# The "F" Word



## Kirk (Mar 19, 2003)

We all know that it isn't polite to use the "F" word! There are only
ten times in history the "F" word has been acceptable for use: 

10. "What the f___ was that?" - Mayor Of Hiroshima, 1945 

9. "Look at all them f___ing Indians!" - Custer, 1877 

8. "Any f___ing idiot could understand that." Einstein, 1938 

7. "It does so f___ing look like her!" - Picasso, 1926 

6. "How the f___ did you work that out?" - Pythagorus, 126 BC 

5. "You want WHAT on the f___ing ceiling?" - Michelangelo, 1566 

4."Where the f___ are we?" - Amelia Earhart, 1937 

3. "Scattered f___ing showers....My ***!" - Noah, 4314 BC 

2. "Aw c'mon.

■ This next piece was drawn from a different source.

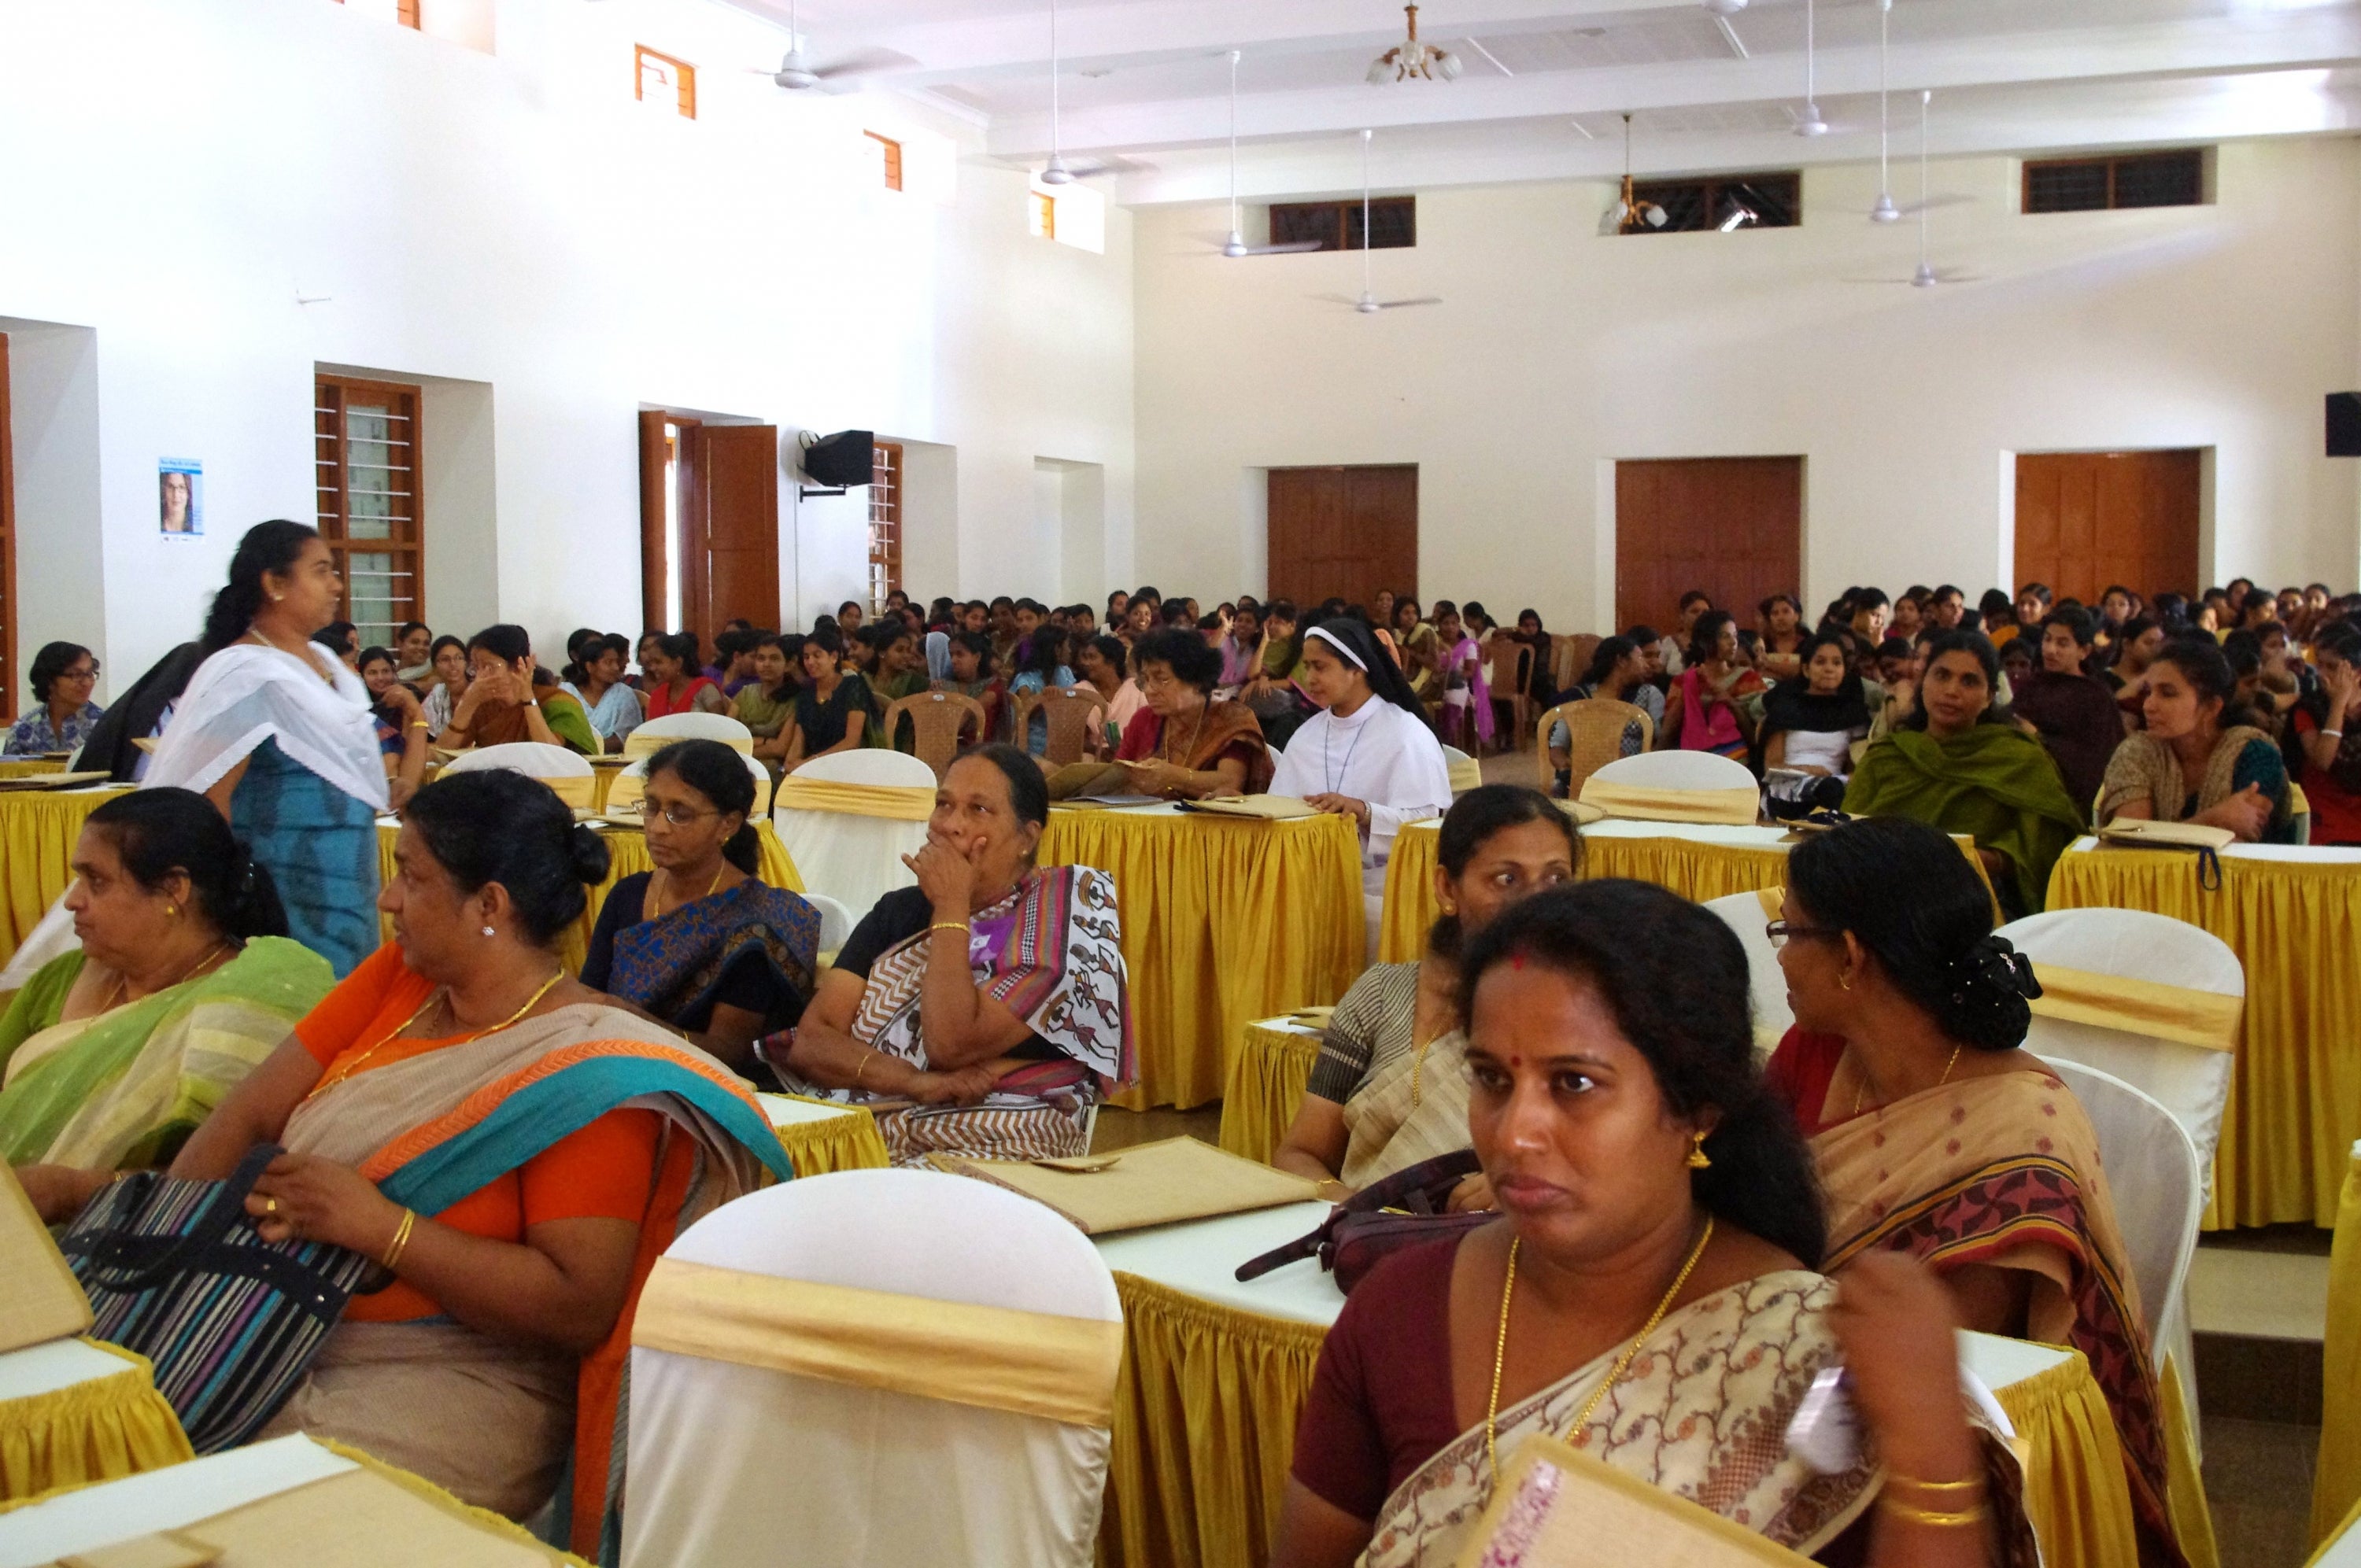 An audience of Indian women at the conference

Who the f___'s going to find out?"- Bill Clinton, 1999 

And number 1 . . . 

1. "Sheesh, I didn't think they'd get this f___ing mad." - Osama bin Laden, 2001


----------



## D_Brady (Mar 19, 2003)

Thats to F____ing  cool, nice job.


----------



## rachel (Mar 19, 2003)

My daughter just did a book report on Amelia Earhardt. That's too funny.


----------



## Master of Blades (Mar 19, 2003)

> _Originally posted by Kirk _
> *
> 
> 1. "Sheesh, I didn't think they'd get this f___ing mad." - Osama bin Laden, 2001 *



HAHAHAHAHAHAHAHAHAHAHA :rofl:


----------



## Jill666 (Mar 20, 2003)

once again, too f___king funny!

:lol: :lol: :lol:


----------



## arnisador (Mar 20, 2003)

We've edited out one post.

-Arnisador
-MT Admin-


----------